文章指出,人工智能正把虚假信息战推入一个难以检测、规模空前的新阶段。2016年,俄罗斯“互联网研究机构”在圣彼得堡55号萨武什金娜街动用数百名人工员工,全天候手动操纵社交媒体;尽管投入巨大,其影响仍有限。十年后,《科学》杂志的一篇论文警告称,随着AI代理的发展,单个操作者即可指挥成千上万个账号形成“群体”,实时生成几乎无法与人类区分的内容,并在无需持续人工监督的情况下自适应演化。
论文由来自计算机科学、网络安全、心理学与政策等领域的22位专家共同撰写,认为这种AI群体可在社会层面操纵信念与行为,威胁民主制度。与传统机器人账号不同,这些代理具备持久身份与记忆,能够协同达成目标,同时保持个体差异以规避检测。研究者指出,它们还能在平台信号与真人互动中实时调整,运行数以百万计的微型A/B测试,以机器速度放大“胜出”叙事。
专家判断,现有平台对“协同非真实行为”的检测手段难以识别此类系统,因而无法确认其是否已被部署。论文预测,这类工具未必在2026年11月的美国中期选举中产生决定性影响,但很可能被用于扰乱2028年总统大选。为应对风险,作者建议建立“AI影响力观测站”,由学界与非政府组织协作,提升态势感知与快速响应;然而,平台以参与度为导向、政府政治意愿不足,使得防御推进面临现实阻力。
The article warns that advances in artificial intelligence are pushing disinformation into a new, hard-to-detect phase of unprecedented scale. In 2016, Russia’s Internet Research Agency deployed hundreds of human operators from 55 Savushkina Street in St. Petersburg to manually manipulate social media; despite heavy investment, its impact was limited. A decade later, a Science paper argues that modern AI agents would allow a single operator to command swarms of thousands of accounts, generating content indistinguishable from humans and adapting in real time without constant oversight.
Authored by 22 experts across computer science, cybersecurity, psychology, and policy, the paper contends such AI swarms could manipulate beliefs and behaviors at a population level, threatening democracy.

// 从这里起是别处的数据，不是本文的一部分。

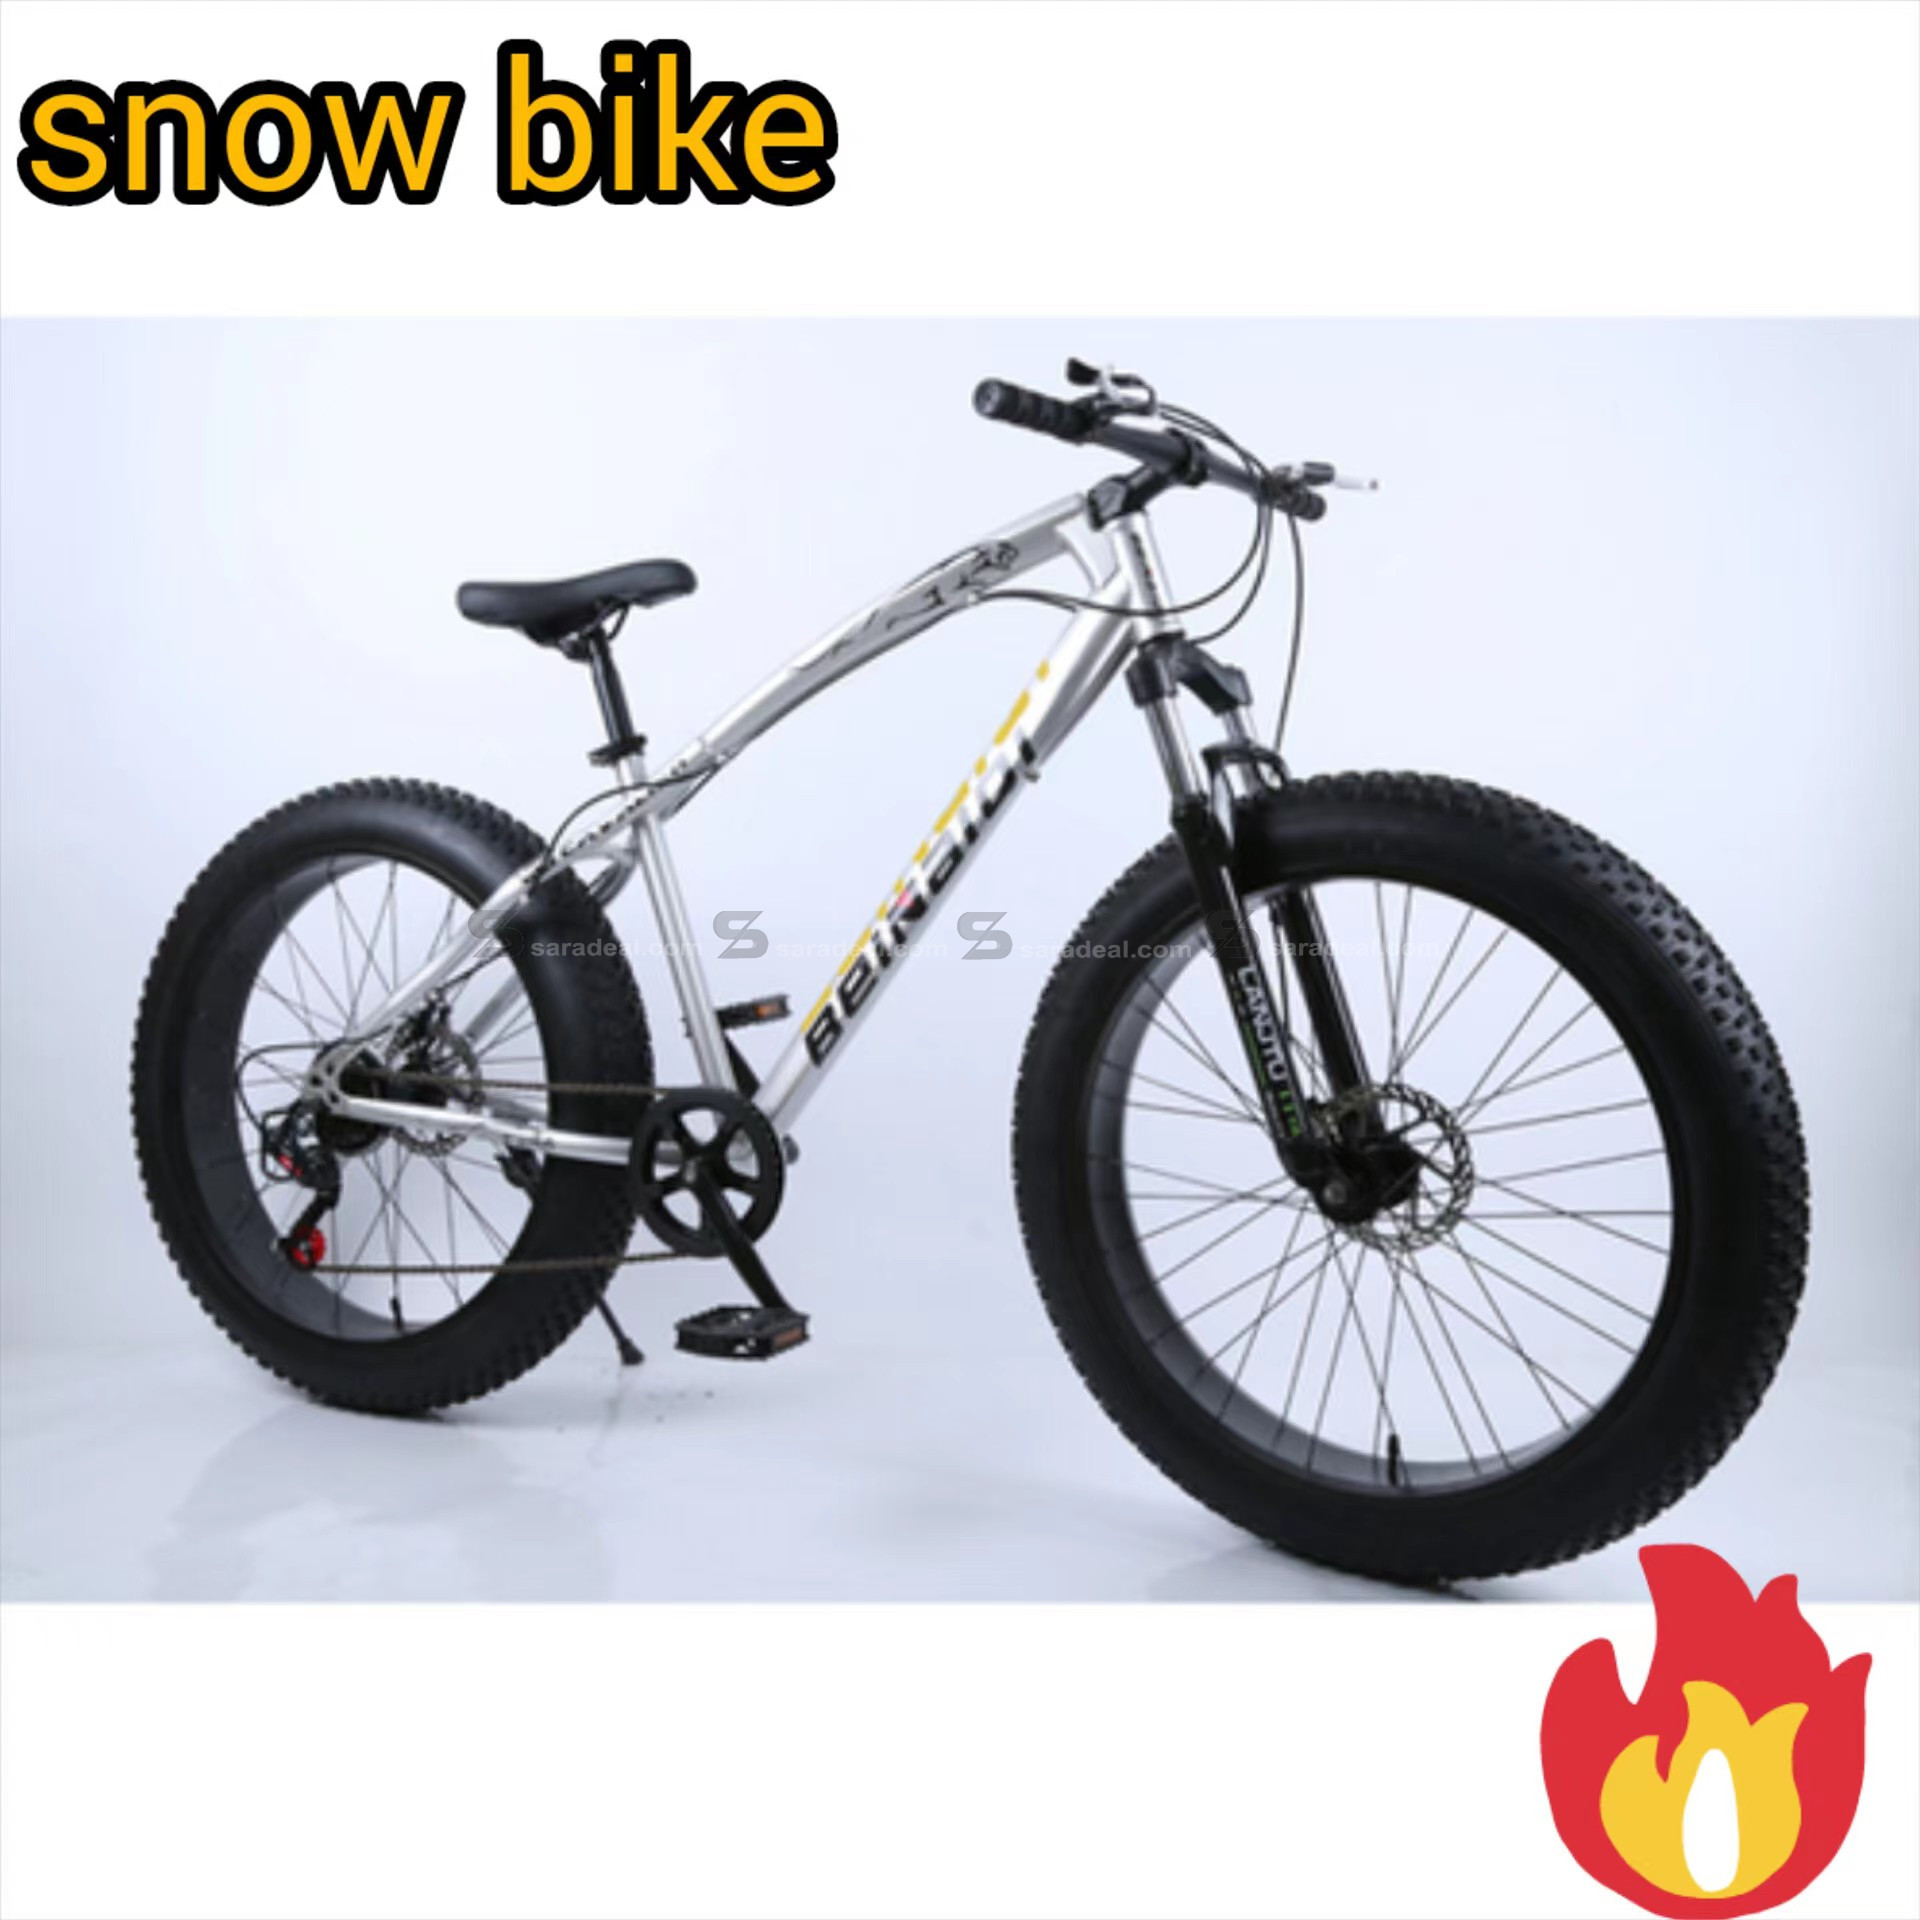 snow bike provide sample

Unlike classic bots, these agents maintain persistent identities and memory, coordinate toward shared goals while preserving individual variation to evade detection, and respond dynamically to platform signals and human interactions. With feedback, they could run millions of micro A/B tests, propagating winning narratives at machine speed.

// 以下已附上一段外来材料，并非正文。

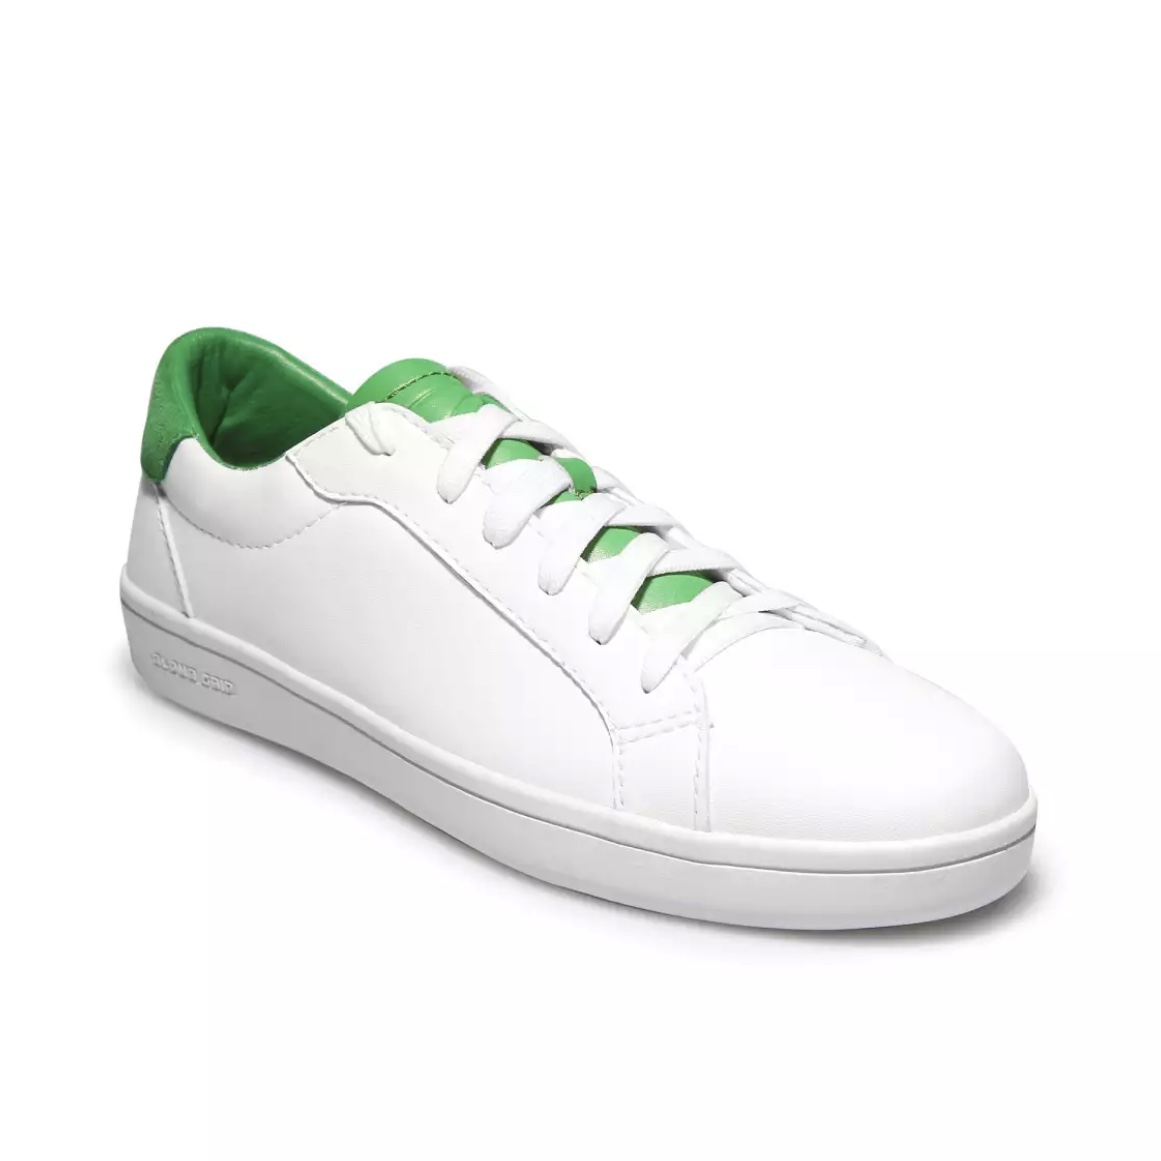 world balance shoes green

Researchers say current systems for detecting coordinated inauthentic behavior are ill-equipped to identify these swarms, making it unclear whether they’re already in use. The paper predicts limited impact on the November 2026 US midterms but a high likelihood of deployment to disrupt the 2028 presidential election. To mitigate the risk, the authors propose an “AI Influence Observatory” led by academia and NGOs to standardize evidence and accelerate collective response; however, engagement-driven platform incentives and weak political will may hinder action.